As more and more individuals face being denied gainful employment due to poor credit history, lawmakers from a growing collection of states across the country are moving to ban the use of credit reports in hiring decisions.
In previous articles, we covered how the practice of utilizing an applicant’s credit history works. Because of liability concerns, many former employers won’t offer much these days besides an employee’s dates of hire and position held. Not a lot to go on if you’re a business owner.
Employers are taking a look at an applicant’s credit histories because they say that a measure of the individual’s honesty, reliability and maturity can be inferred from their past financial management.
The problem is that although there are deadbeats and irresponsible individuals with bad credit, there are also individuals who through no fault of their own have acquired debts resulting from situations completely beyond their control.
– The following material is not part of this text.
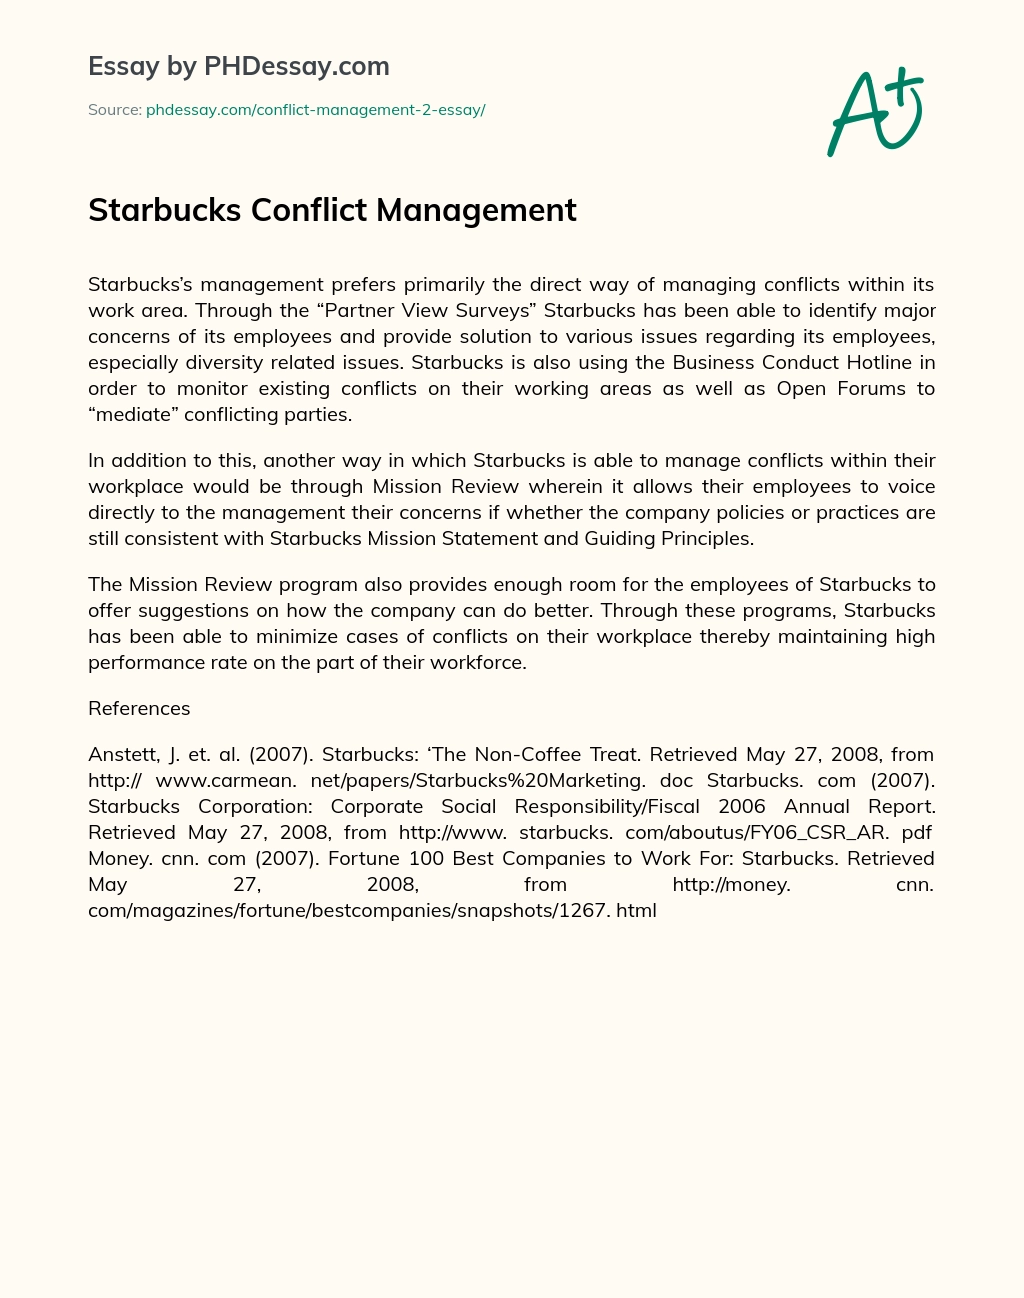 Starbucks Conflict Management essay

A child falling ill, a factory layoff, a missed payment or two on student loan…it’s not as though these people went out of their way to place themselves in these situations.
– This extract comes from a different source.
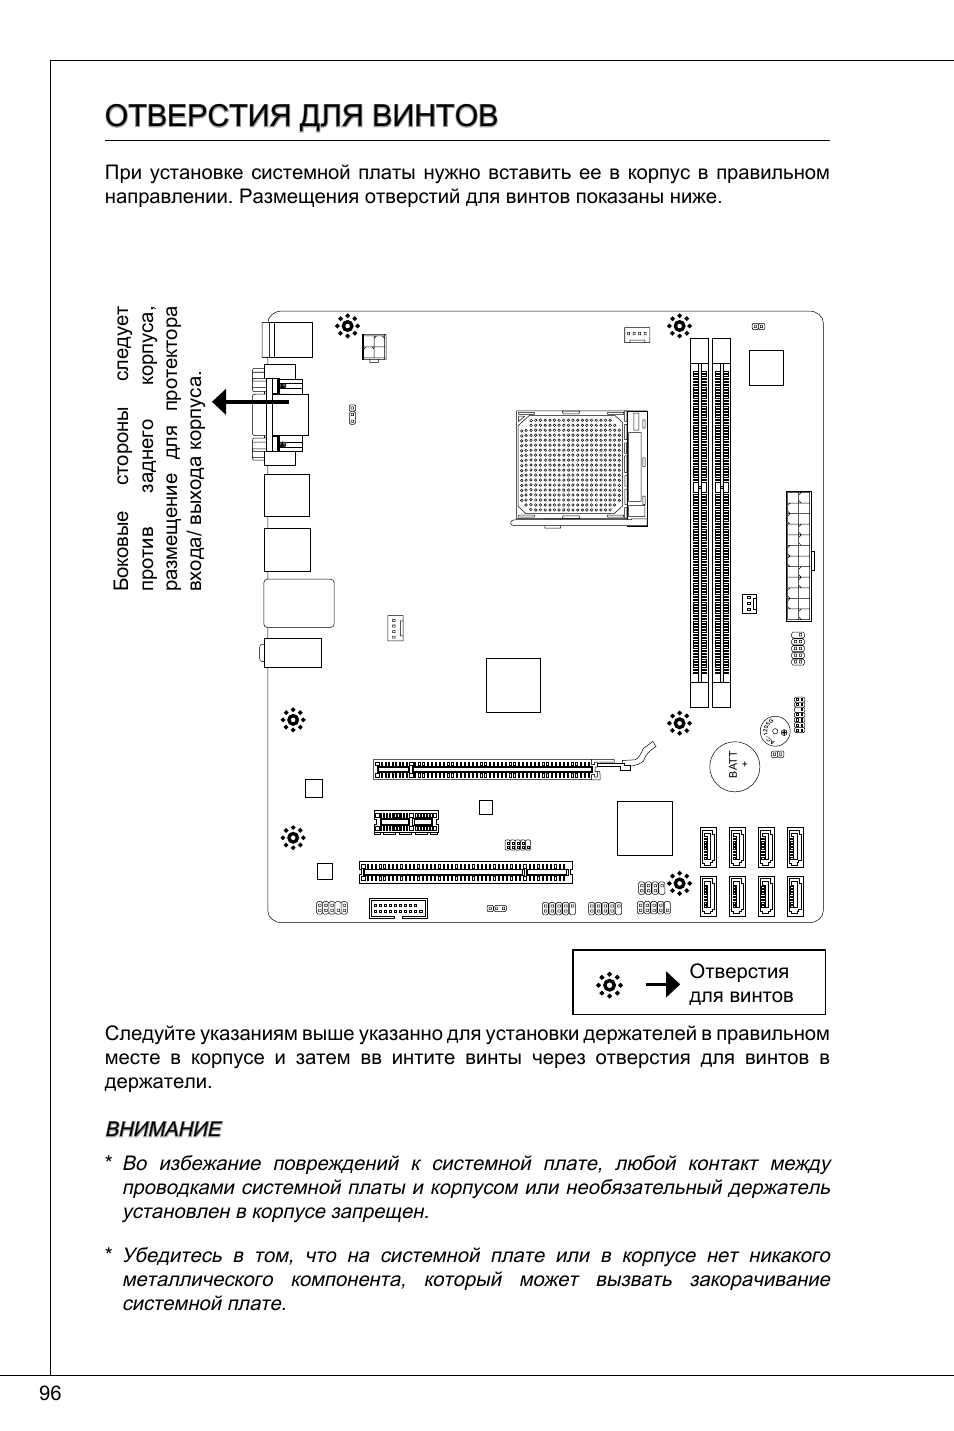 Отверстия для винтов | MSI 760GMA-P34 (FX) User Manual | Page 96 / 172

And what happens next? You fall on hard times; you work to get yourself out of them only to find you can’t because no one will hire you based on a poor credit score.
Although an employer needs an applicant’s permission before running a credit check, it still puts a job seeker in a tough spot. Option A, you give permission and offer up information that could hurt your chances of getting a job or Option B, refuse the check and incur suspicion thereby hurting your chances of getting that position.
This has not been lost on state delegates and lawmakers who want to ban credit checks from the hiring process. More and more states are conceiving laws that will open doors wider for those with poor credit history.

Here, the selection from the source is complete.